Loan deferral exits have outweighed new entries for the fourth straight month in October, with $100 billion in loans expiring or exiting deferrals, according to new data.
The Australian Prudential Regulation Authority (APRA) has released October figures on temporary loan repayment deferrals due to the coronavirus pandemic, which revealed that a total of $87.6 billion worth of loans are on temporary repayment, which is around 3.3 per cent of total loans outstanding.
A total of $100 billion in loans expired or exited deferrals in October, while $12 billion worth of loans entered deferrals or were extended.

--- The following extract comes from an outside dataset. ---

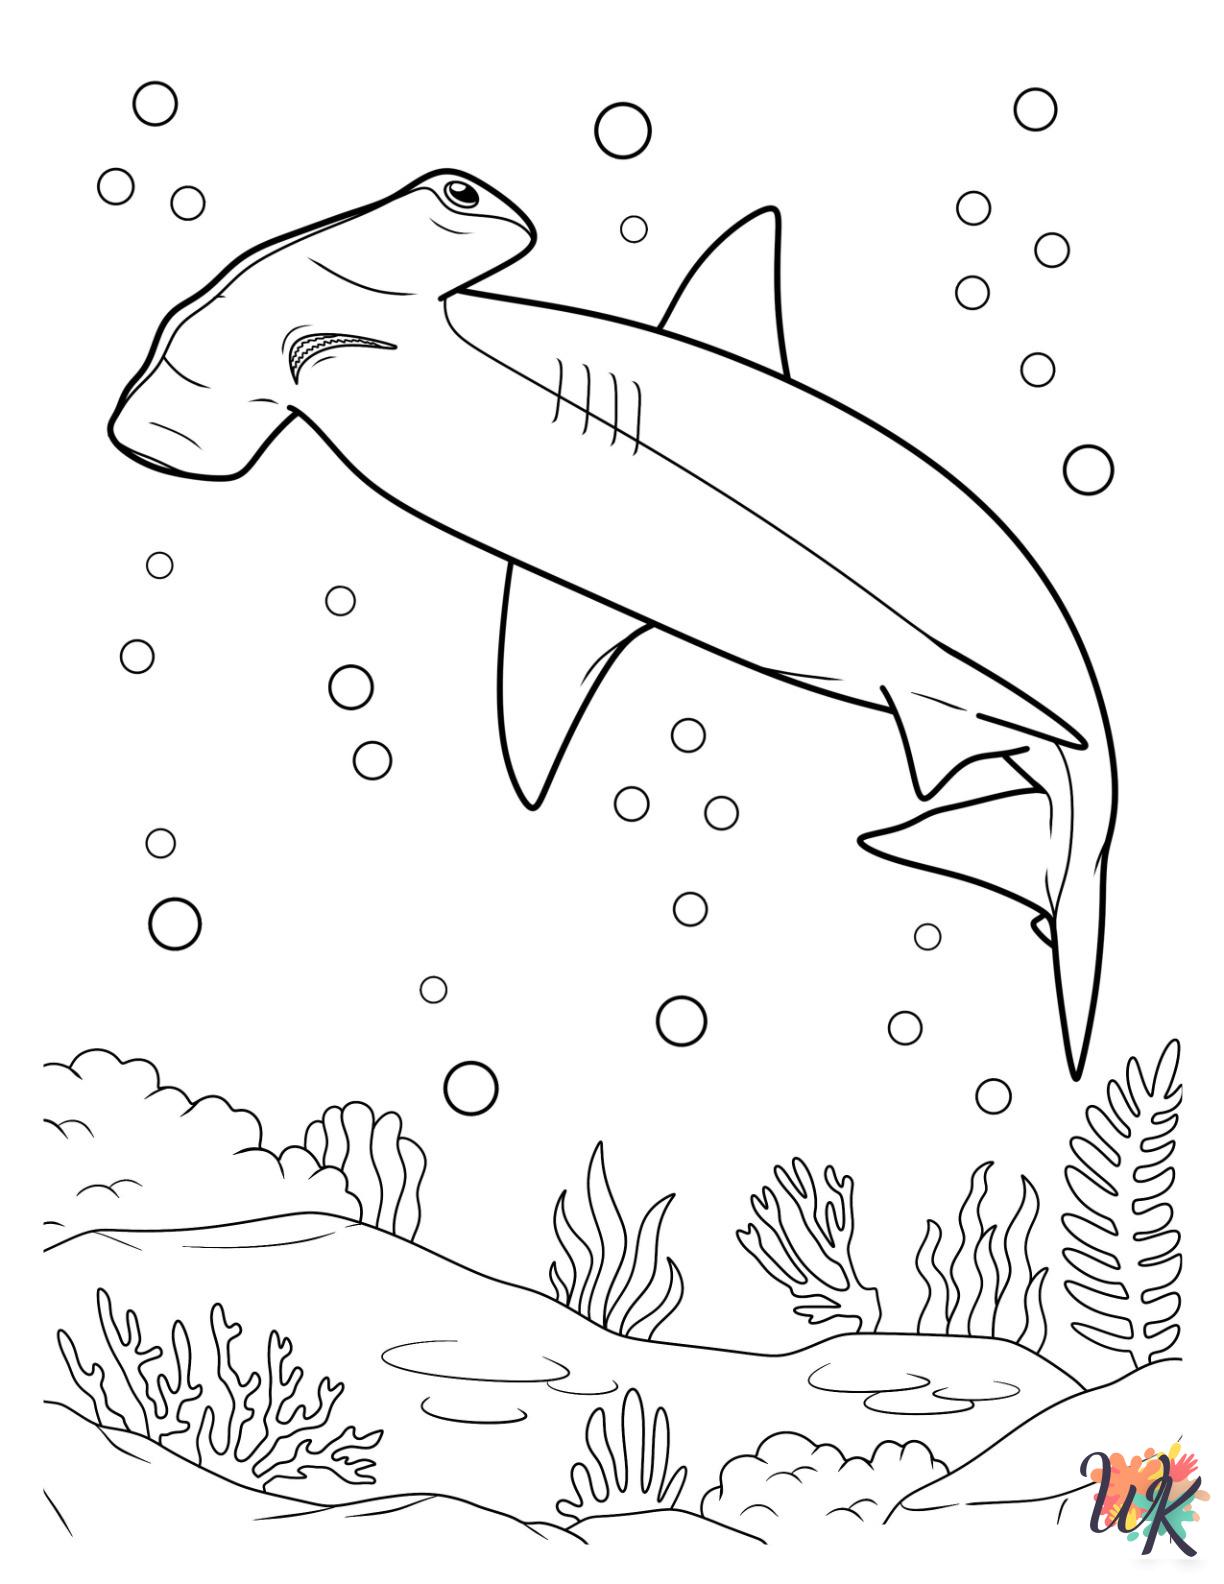 Hammerhead Shark ornaments coloring pages

In comparison, $66 billion worth of loans expired or exited from deferral in September 2020, while $17 billion worth of loans were approved for deferral.
The total value of loans subject to deferral more than halved over the month to October, with the pace of exits ramping up significantly.
Housing loans comprise the majority of total loans granted repayment deferrals, with deferred loans totalling $68.2 billion, or 3.9 per cent of total housing loans, which is worth $1.8 trillion.
However, small-to-medium enterprises have a higher incidence of repayment deferral, with 4.5 per cent of SME loans (worth $322.8 billion) subject to repayment deferrals, totalling $14.3 billion.
Borrowers have continued to make repayments, with the APRA figures showing that as at 31 October, 10 per cent were making partial repayments while 11 per cent were making full repayments.
As a share of housing loans, Victoria comprised 5 per cent of all home loan deferrals as at 31 October, down from 12 per cent in September.
NSW made up 4 per cent of all home loans, while the Northern Territory made up 3 per cent, Western Australia made up 3 per cent, Queensland made up 3 per cent, South Australia made up 2 per cent, Tasmania made up 2 per cent and the ACT made up 2 per cent.
As a share of SME loans, Victoria made up 6 per cent, while the Northern Territory and Tasmania made up 5 per cent, Western Australia, Queensland and NSW made up 4 per cent, and the ACT and South Australia made up 3 per cent.
AMP held the largest share of total loans subject to deferral as a share of total loans at 8 per cent, while AMP (along with Bendigo and Adelaide Bank) also recorded the largest movement in new or extended deferrals and expired or exited deferrals as a share of prior month deferrals, at 12 per cent.
AMP also recorded the largest share of SME deferrals as a share of total SME loans at 15 per cent.
APRA figures have followed the recent release of data from the Australian Banking Association, which showed that the number of deferred loans has dropped from a peak of 900,000 to below 300,000, while the value has dropped to below $100 billion.
At the peak of the pandemic, the majority of all deferred loans were across the seven largest banks.